The model you propose is too simple.

While the data portion of the file system is set to RAID1 the metadata 
portion of the filesystem is still set to the default of DUP. As such it 
is impossible to guess how much space is "free" since it is unknown how 
the space will be used before hand.

IF, say, this were used as a typical mail spool, web cache, or any 
number of similar smal-file applications virtually all of the data may 
end up in the metadata chunks. The "blocks free" in this usage are 
indistinguisable from any other file system.

For all that DUP data the correct size is 3GiB because there will be two 
copies of all metadata but they could _all_ end up on /dev/vdf2.

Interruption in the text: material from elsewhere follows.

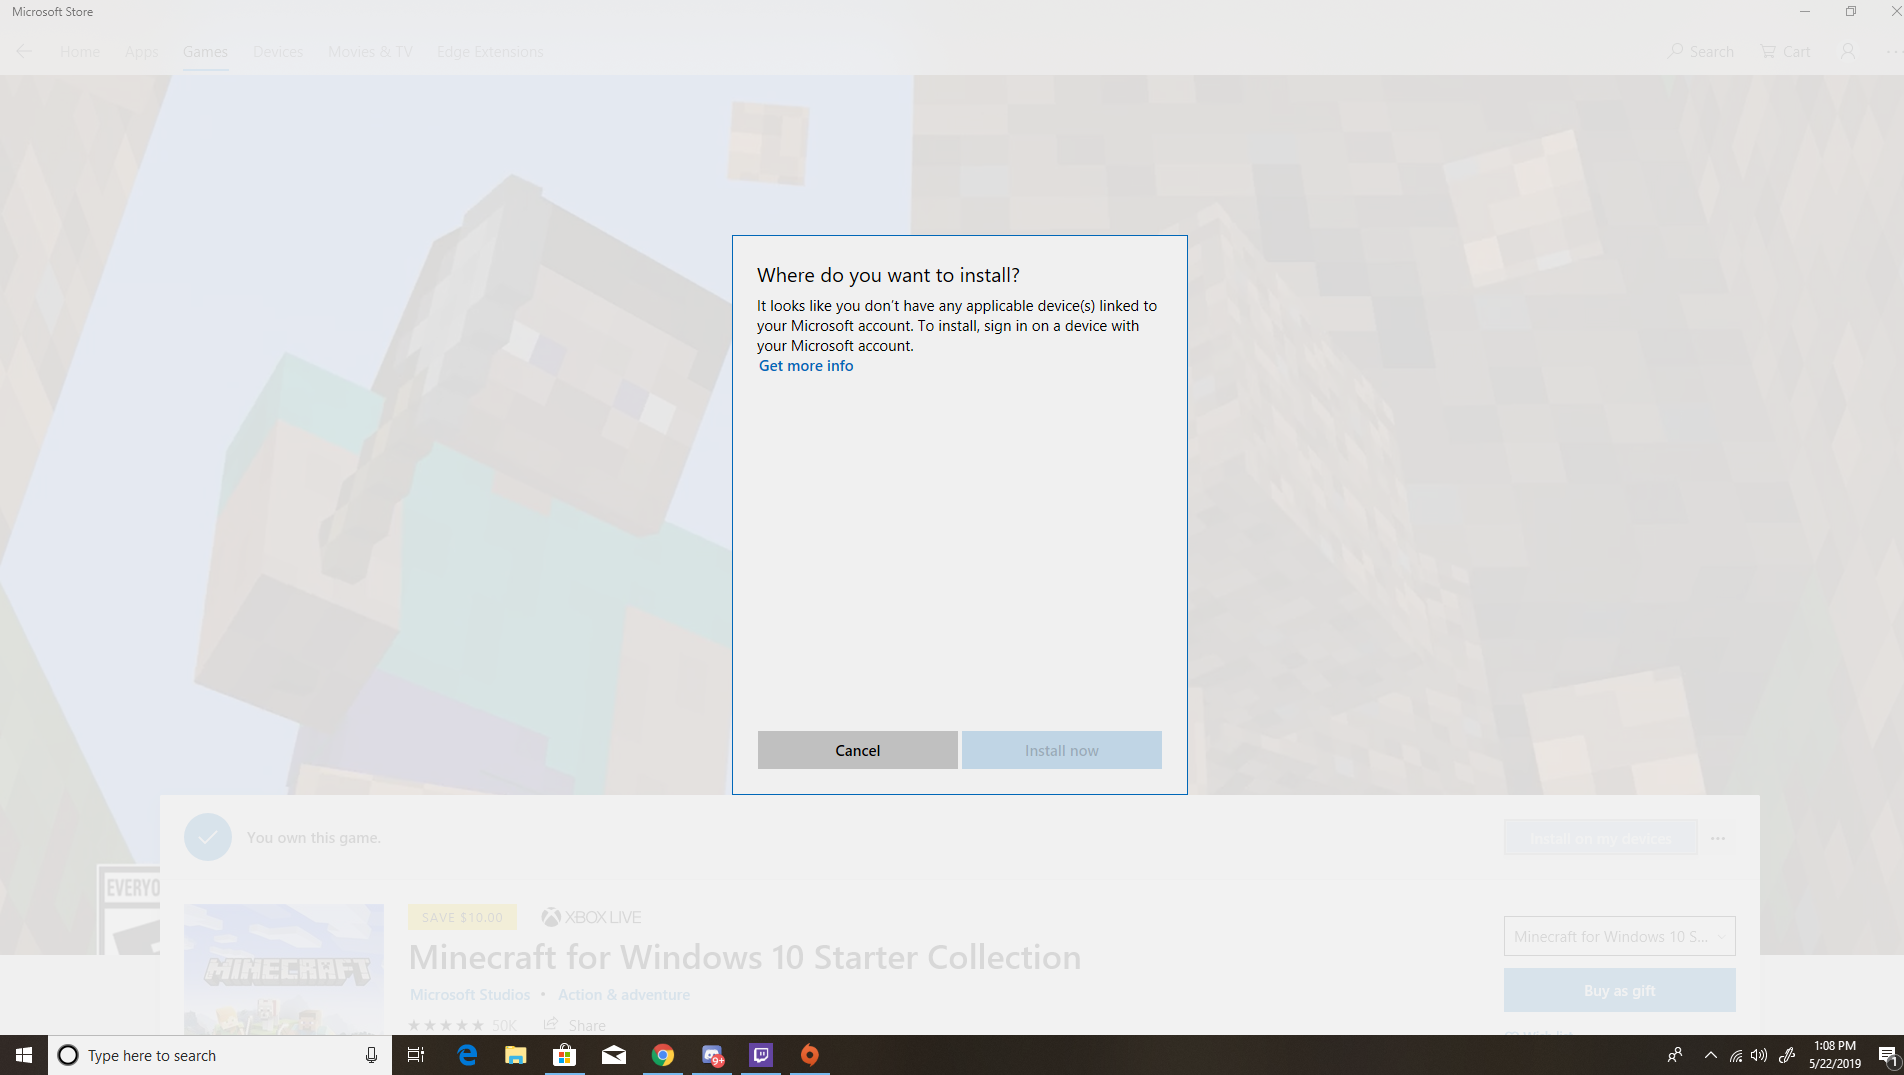 Minecraft for Windows 10 won't install 0ddbf4cd-ad9f-49cf-96ce-ca97b6778d2e?upload=true.png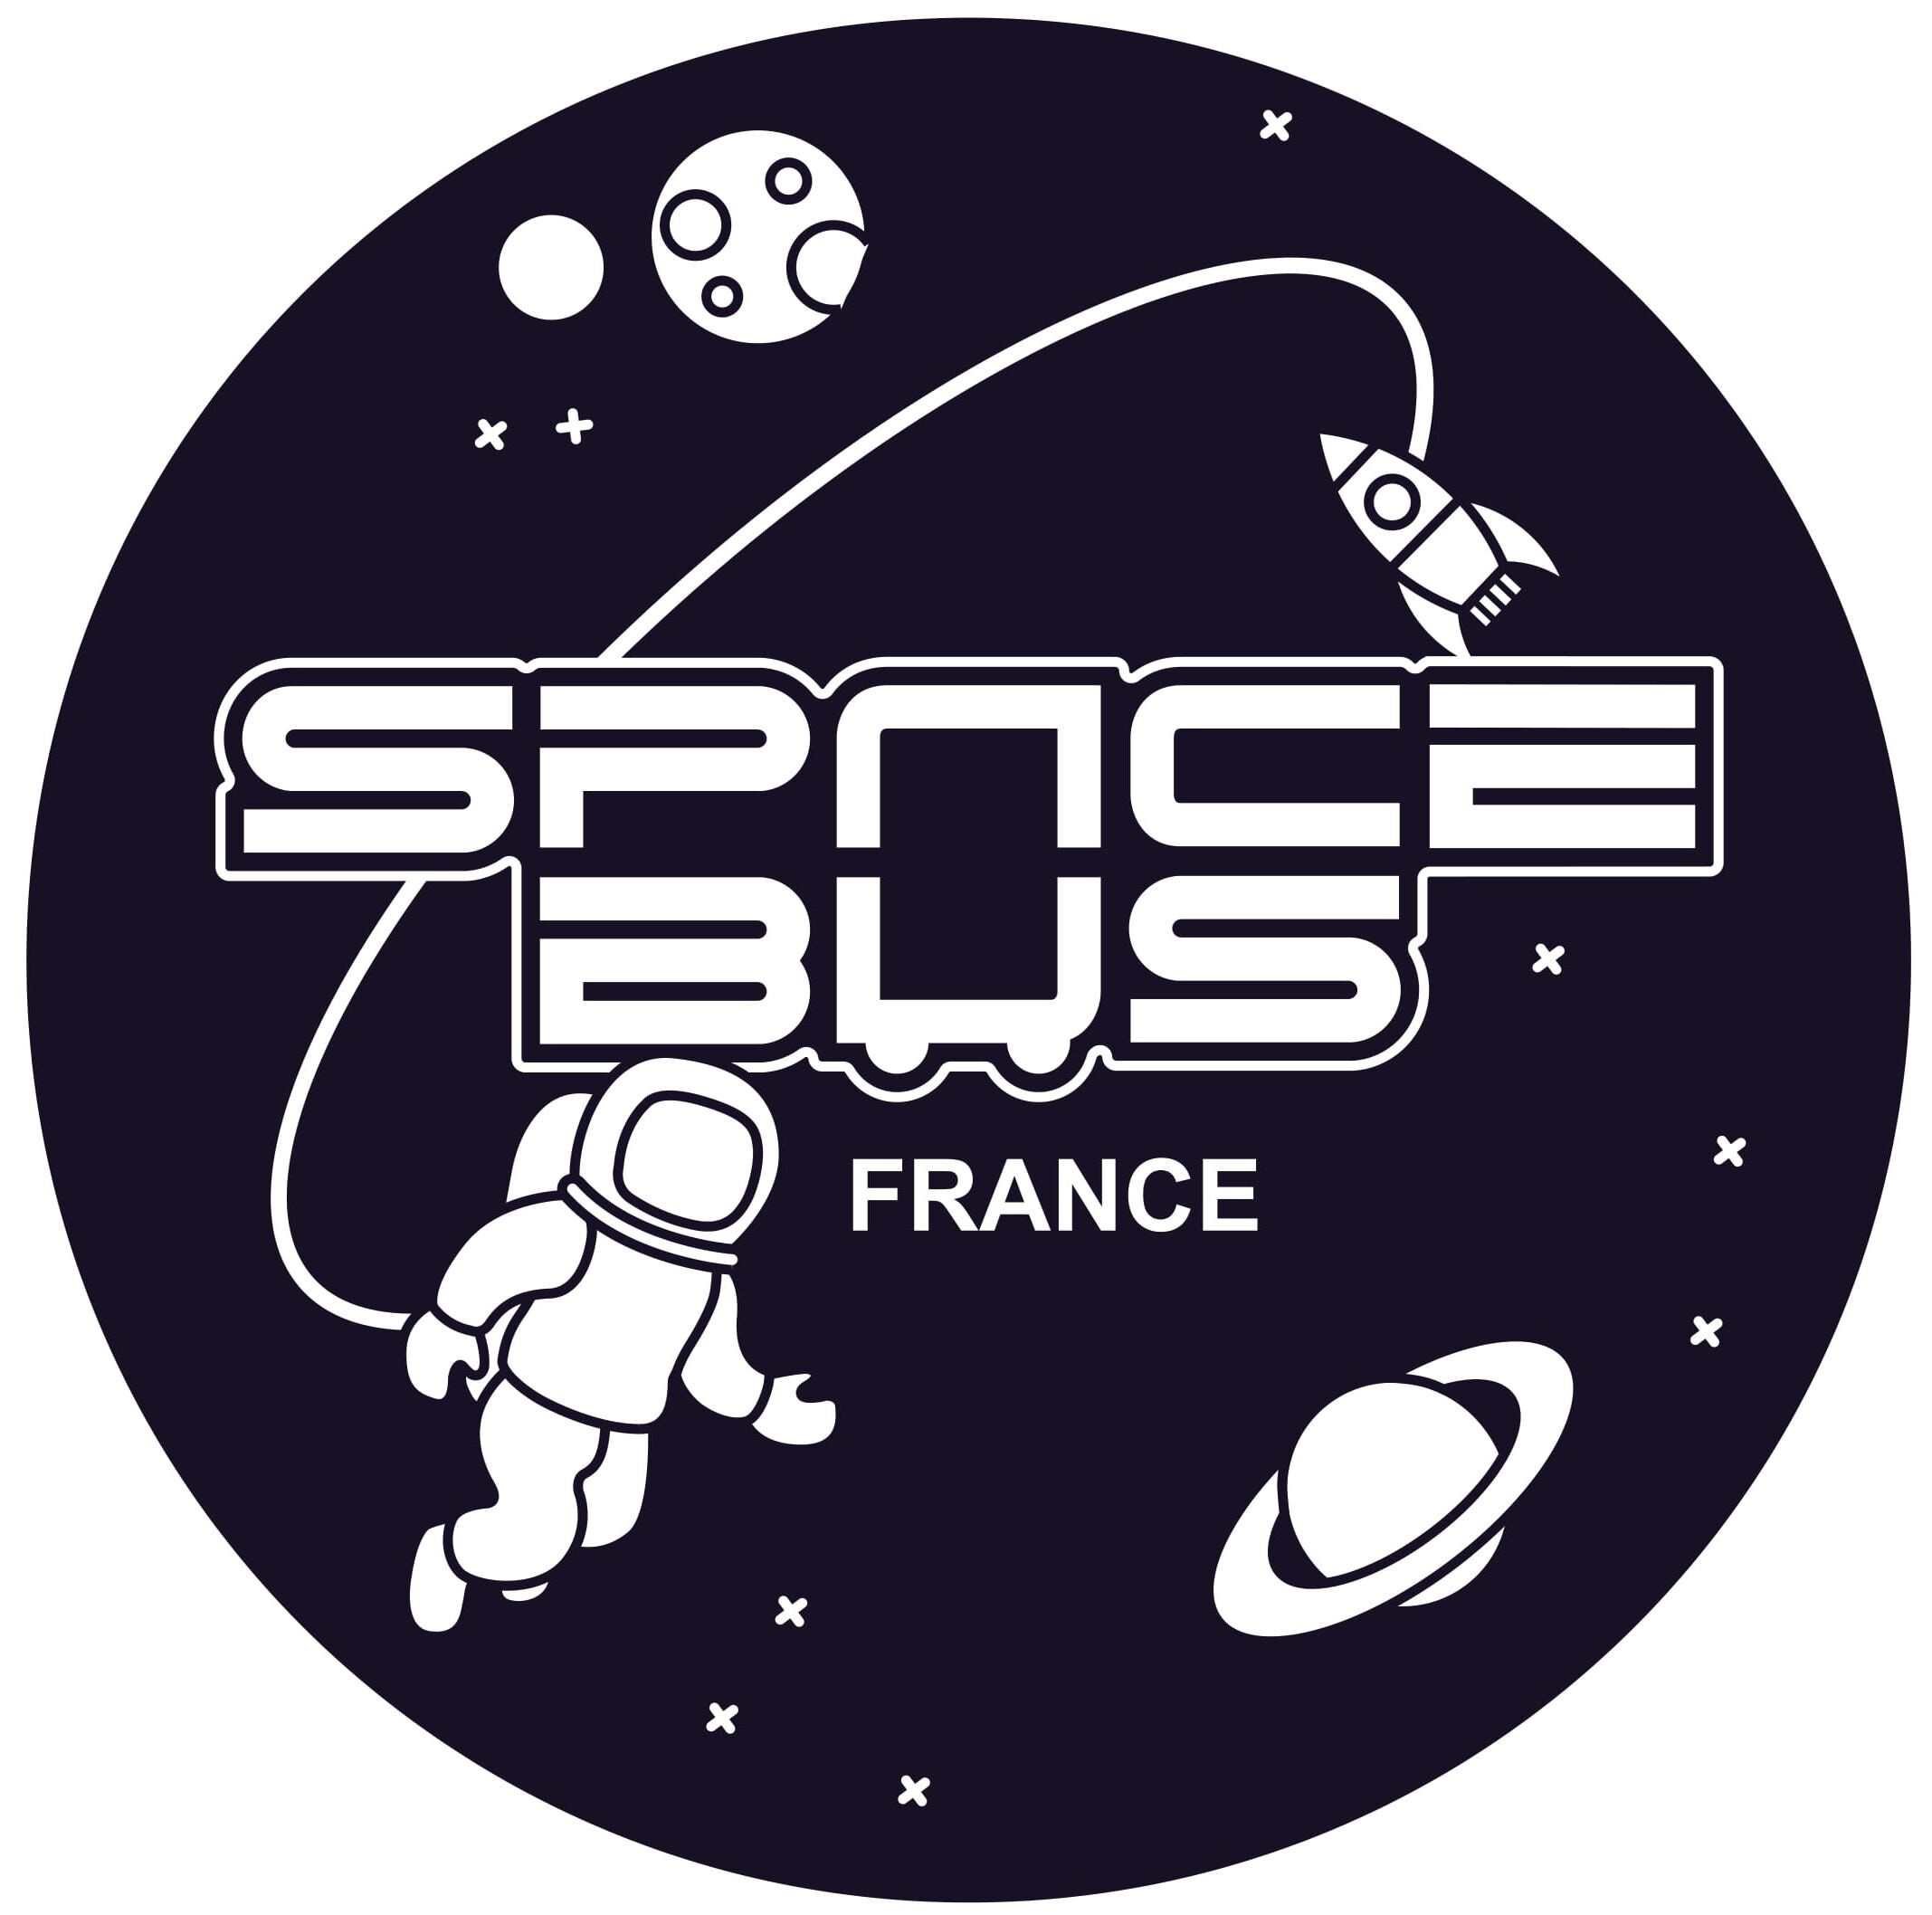 Spacebus France visite Les Observatoires du Clain

So you have a RAID-1 region that is constrained to 2Gib. You have 2GiB 
more storage for all your metadata, but the constraint is DUP (so 
everything is written twice "somewhere")

So the space breakdown is, if optimally packed, actually

2GiB mirrored, for _data_, takes up 4GiB total spread evenly across 
/dev/vdf2 (2Gib) and /dev/vdf1 (2Gib).

_AND_ 1GiB of metadata, written twice to /dev/vdf2 (2Gib)

So free space is 3Gib on the presumption that data and metadata will be 
equally used.

The program, not being psychic, can only make a fair-usage guess about 
future use.

Now we have accounted for all 6GiB of raw storage _and_ the report of 
3GiB free.

IF you wanted everything to be RAID-1 you should have instead done

# mkfs.btrfs -f /dev/vdf1 /dev/vdf2 -d raid1 -m raid1

The mistake is yours, rest of you analysis is, therefore, completely 
inapplicable. Please read all the documentation before making that sort 
of filesystem. Your data will thank you later.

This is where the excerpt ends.